The turn of the millennium has seen an almost astronomical increase in the prevalence of cancer. Though many propositions have come regarding the possible causes, most diagnosed cases still remain without known causes. The extremely diverse nature of cancer additionally makes it difficult to identify their causes. A general theme with all types of cancerous cells, however, is a loss of the body’s ability to regulate cell growth. The resulting hyperproliferation often results in metastasis and the other symptoms associated with cancers.
The scientific community, expectedly, has been up and doing in the quest to find a cure to this menace. While much progress has been made, the life expectancies of people diagnosed with many types of cancers are still significantly short. It is hoped that major improvements would be made as more inquest into possible causes and cures is conducted. Here are some of the new discoveries in cancer treatment.
Following promising clinical trials involving genetically modified poliovirus as a treatment option against glioblastoma, there has been more research and advancement into the use of virus cells in killing cancerous cells. Research showed that the poliovirus cells are able to selectively target cancerous cells due to their affinity for CD 155 proteins produced by the mutated cells. When introduced into the body, the poliovirus attacked the cancer cells which in turn produce antigens in response to the attack. The antigens produced are recognized by the immune system and an immune response is triggered. The response I further amplified by the body’s innate response to poliovirus. It is hoped that this treatment method would soon be fully developed and made available to the suffering public.
The intravenous drug is a product of extensive research courtesy of scientists at Rafael Pharmaceuticals. It has been proposed as a breakthrough for individuals diagnosed with cancers such as lung, pancreatic and lymphoma; cancers that are famed to be among the deadliest. The mechanism of action is through interfering with the mitochondrial tricarboxylic acid (TCA) cycle, of cancerous cells. The TCA cycle is important in all cells but the higher nutritional requirements of cancerous cells make it even more indispensable. Perhaps, the most promising property of CPI-613 is its ability to selectively target TCA cycles in mutant cells, while leaving normal cells.
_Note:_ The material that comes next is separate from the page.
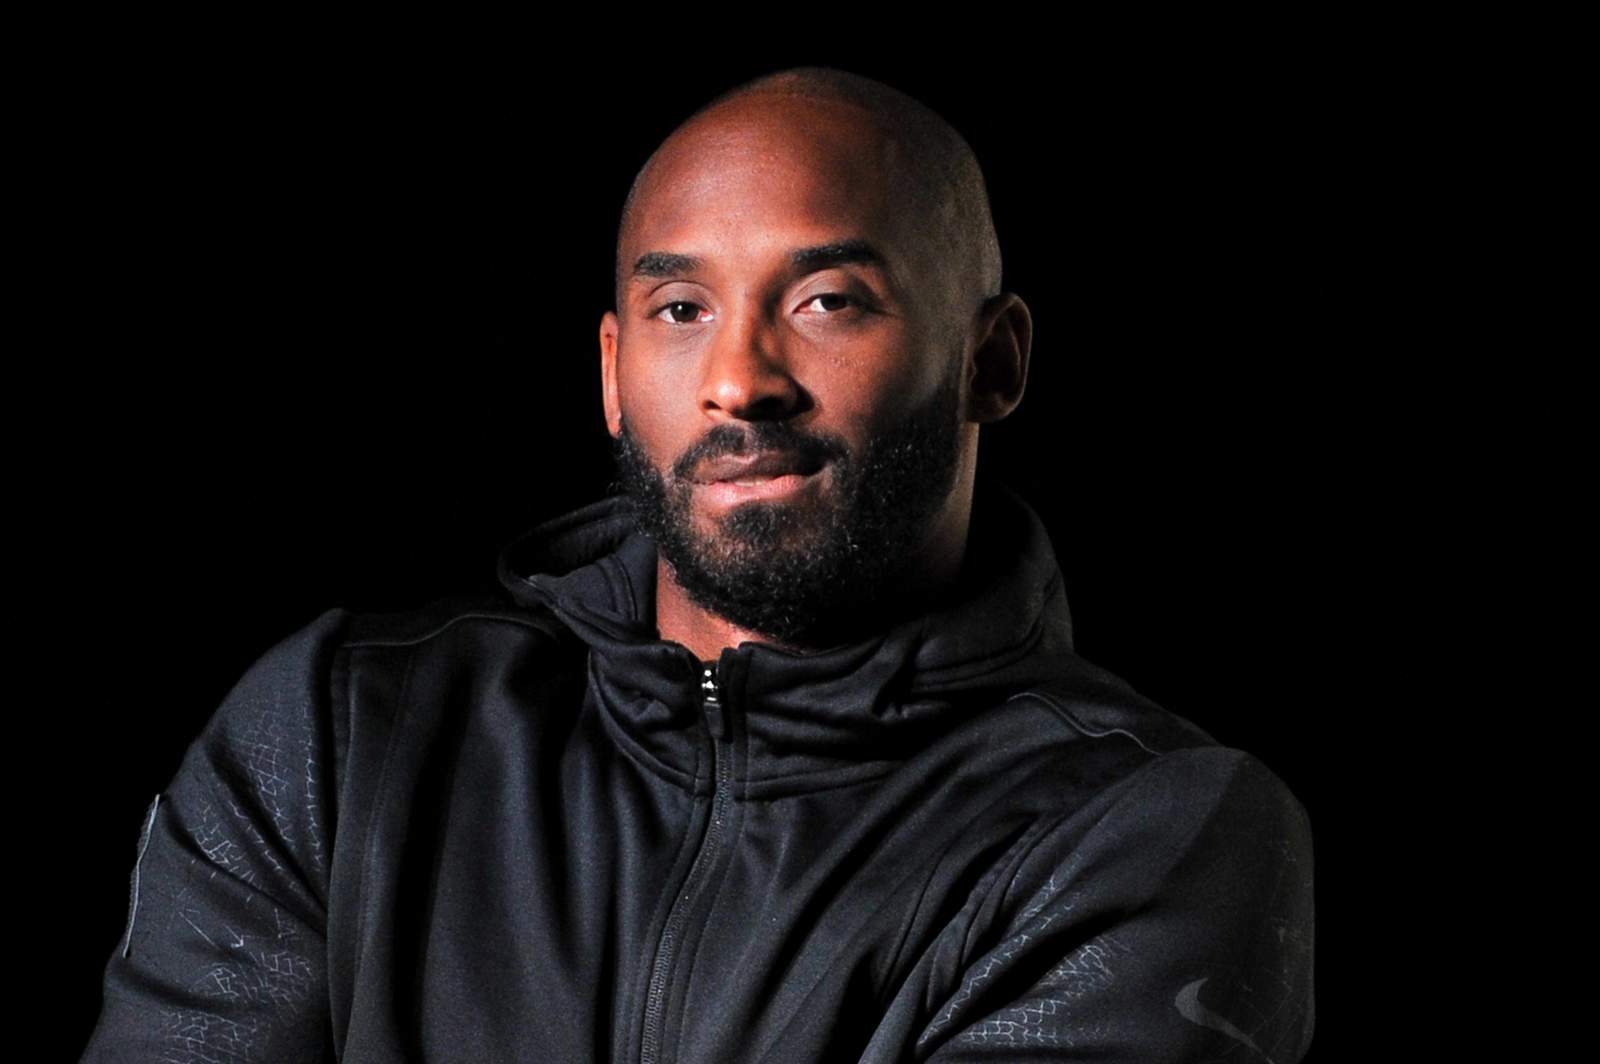 Kobe Bryant paid tribute to MLK on Instagram just days before his death

This gives it an edge over many of the current treatment methods as it comes with fewer side effects.
The FDA gave approval for the drug to be moved into the advanced human testing stage early in 2017. According to the projections of the President of Rafael Pharmaceuticals, the drug could be on the market as early as this year, and many cancer sufferers really can’t wait.
Immune system modulation
The continued failure of conventional chemical molecules to significantly increase the survival rate and life expectancies of most cancer sufferers has led to extensive research involving other targets. Immune modulation is one of the promising fields and drugs like Ipilimumab have been discovered. Immune responses are initiated against cancerous cells as soon as they are discovered and many potential cancers are warded off by the body’s defenses. Cancer arises when mutated cells overpower immune responses or when the mutation is such that the cancerous cells become unrecognizable by the immune system. Ipilimumab works by making the immune system more aggressive towards cancer cells and it is used in metastatic melanoma. The downside of this and other similar drugs is that they do not work when the cells have not already been flagged by the immune system.
Current research into therapies that modulate immune response aim to isolate immune cells that fight cancer and proliferate them in vitro. They can then be introduced into the body in large numbers to fight cancerous cells. This method also offers the possibility of targeted treatments, increasing therapeutic efficacy and reducing side effects. This method is already moving into the stage of human trials and positive results are anticipated.
Approved August 2017, CAR-T Therapy is the first cell-based gene therapy that would be approved such. CAR-T treatment involves extracting T cells from the patient and modifying them to carry a new gene. The modified T-cells are thus better equipped to deal with cancer cells when they are introduced back into the patient. CAR-T therapy is approved for Acute Lymphoblastic Leukemia (ALL) n children and young adults. The approval is hoped to pave way for even greater discoveries in the field of gene therapy.
Although some of the treatment options discussed are already in early stages of their use, much research is still needed to further determine their efficacy and side effects profile. Others though are still very much in the Research and Development stage. What holds true for all of them is a promise to change the narrative in the management of various types of cancers and bring succor to the suffering population.